A rat is loose on St. Paul Island. And that’s a big deal because the Pribilof Islands have always been rat free.
Steve Delehanty, Refuge Manager for the Alaska Maritime National Wildlife Refuge, says rats bring significant economic and environmental concerns.
“They damage people’s property. They damage food storage. They damage ship and boat electronics. They damage wildlife,” Delehanty said. “They eat birds, they eat bird eggs, they eat chicks. They can also transmit diseases.”
For more than two decades, the Pribilof Islands have had a rat prevention program to keep the island rat-free.
“They maintain year-round, 365 days a year traps in strategic locations near the docks at St. Paul, so if a rat comes off a boat hopefully it will be captured right away,” Delehanty said.
During that time, six rats have been killed, but Delehanty says this is the first to make it past the traps near the docks.
A rat sighting was first reported in late August at the Trident fish processing plant and is still at large. The U.S. Fish and Wildlife Service is working alongside Trident, and the city and tribal governments to find it.
The quick response, Delehanty says, may help stave off the worst case scenario: breeding rats.
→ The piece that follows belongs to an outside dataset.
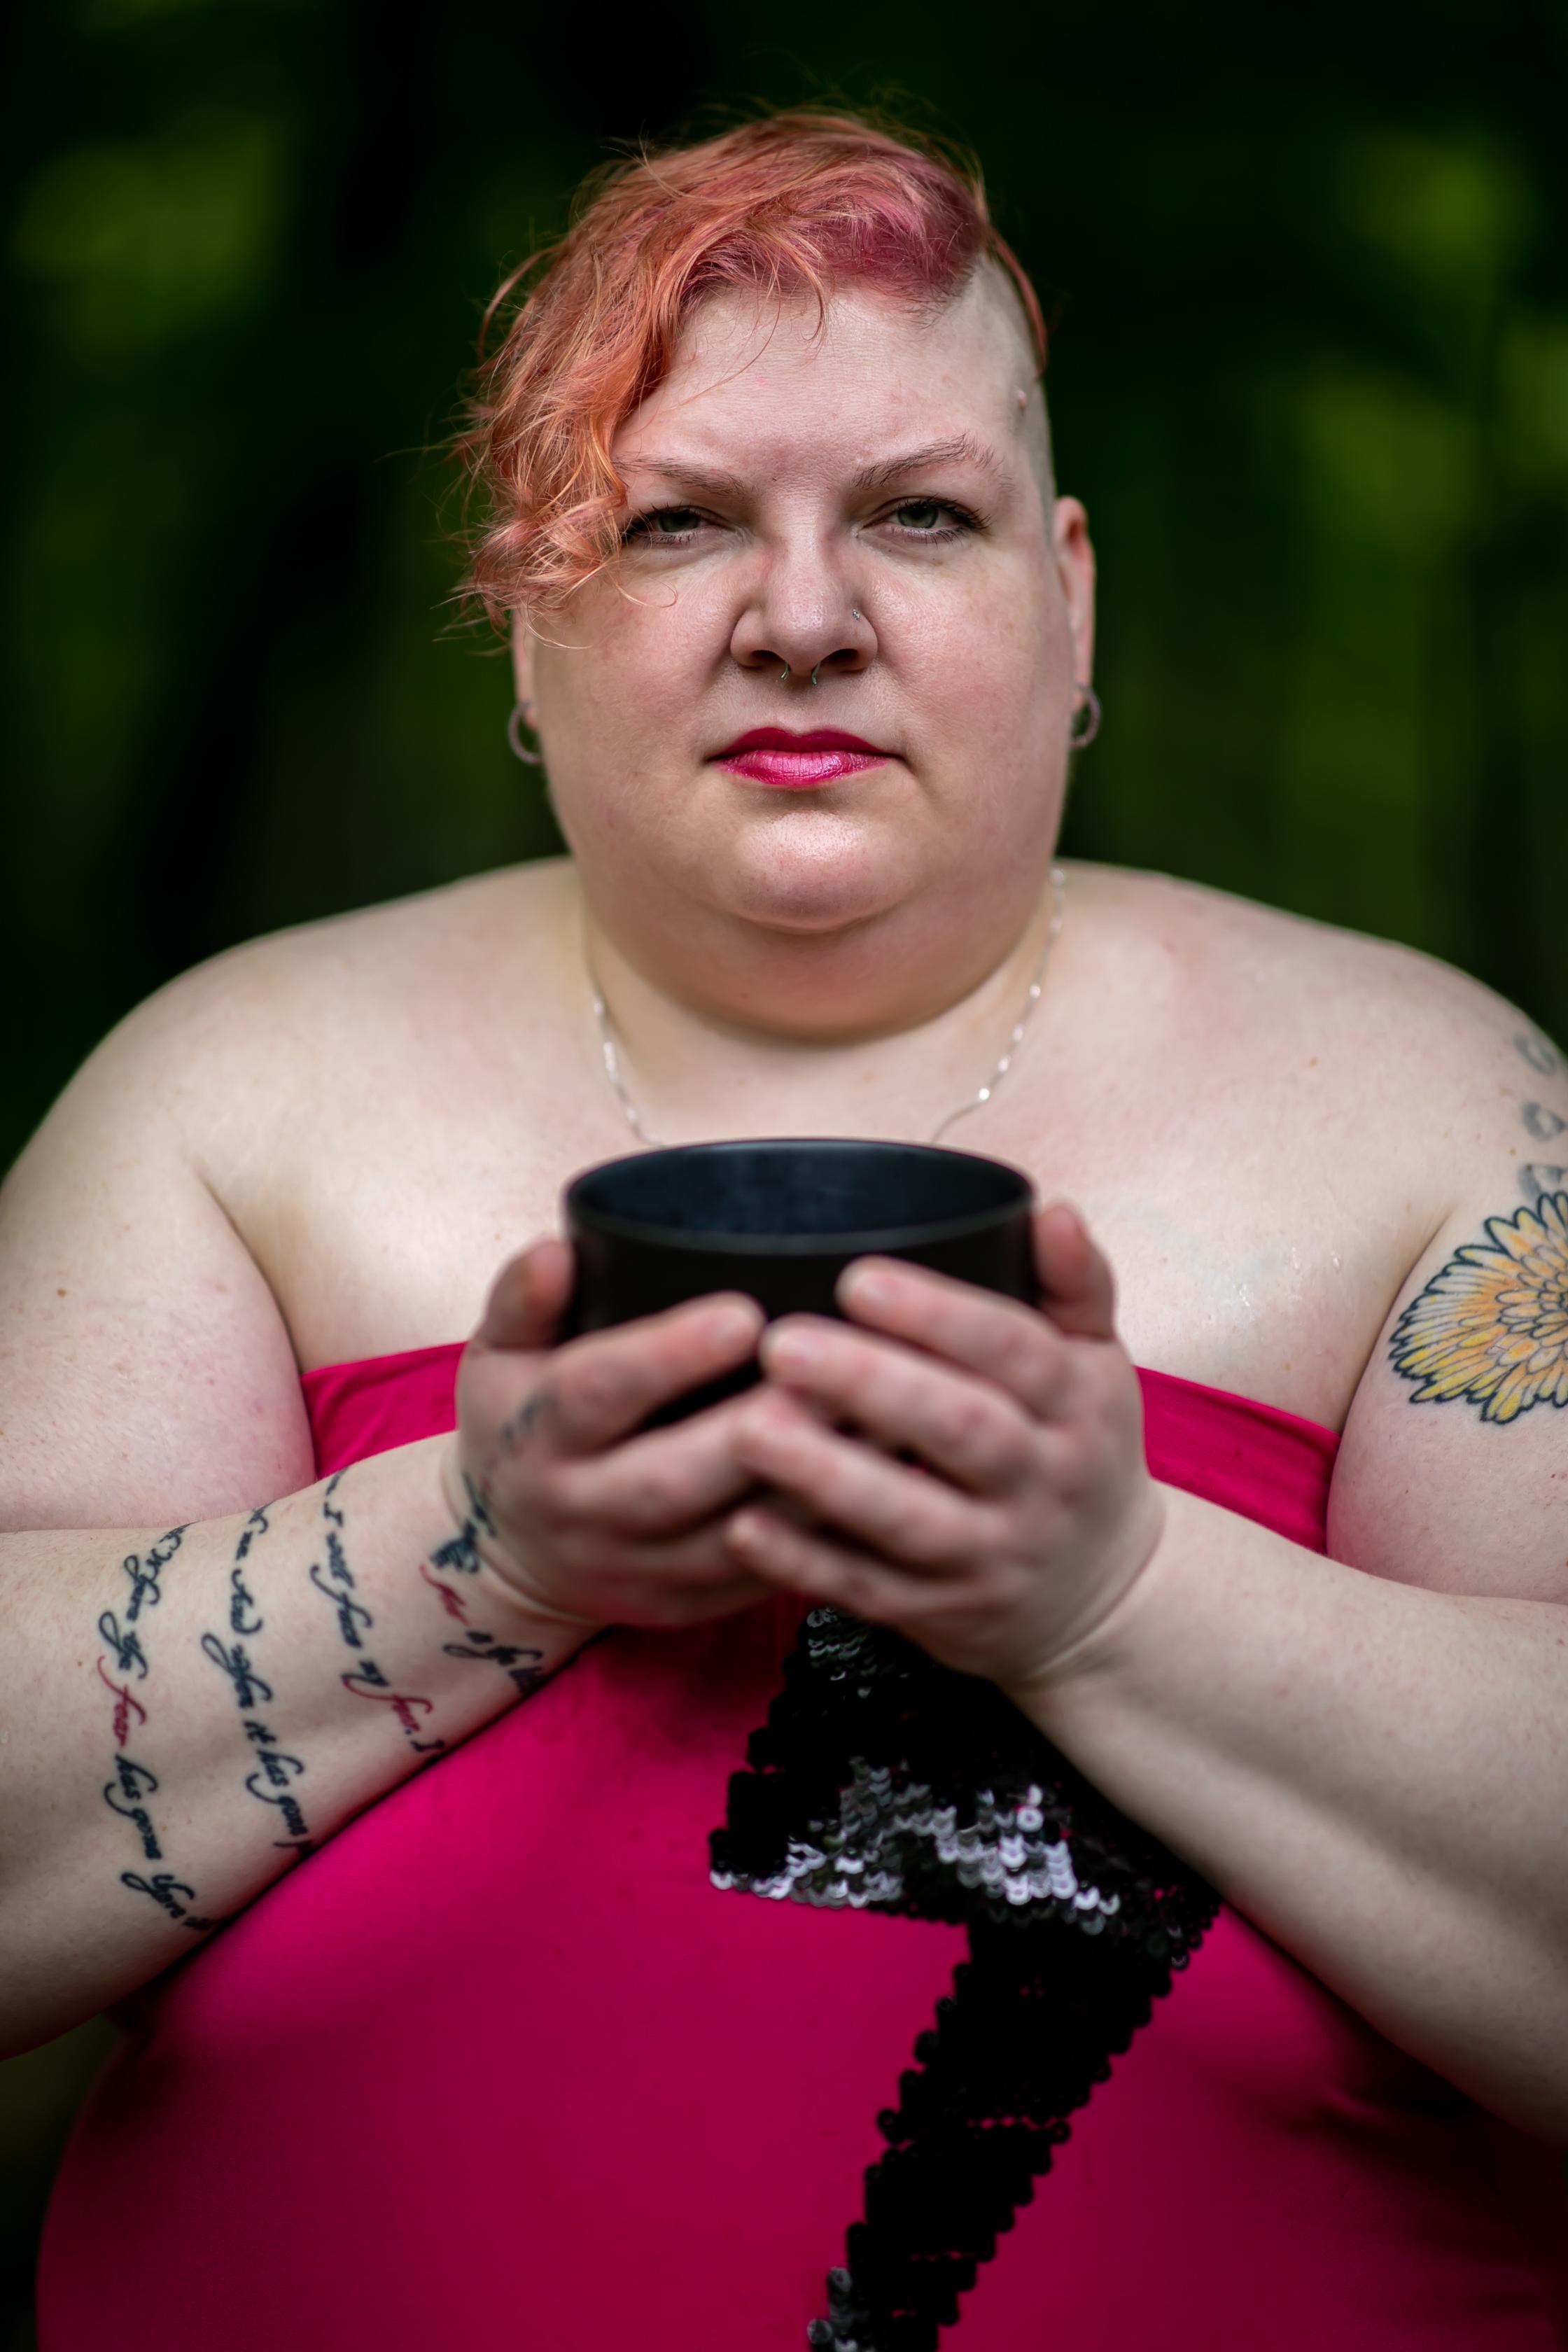 chicago lake county portrait fat anger person portrait-6715.jpg

“If there’s more than one rat there and they are breeding, then they’re already having babies,” Delehanty said. “We want to get at it when there are two rats on the island, or six or eight rats, not when there’s 56 rats or a 1,000 rats.”
For now, organizations on island are working diligently to find the intruding rodent. They’ve set up a game camera and they’re planning to send a “strike team” of experts to the island next week.
Not only do they want to eradicate any rats, they hope to determine the source of the rodent.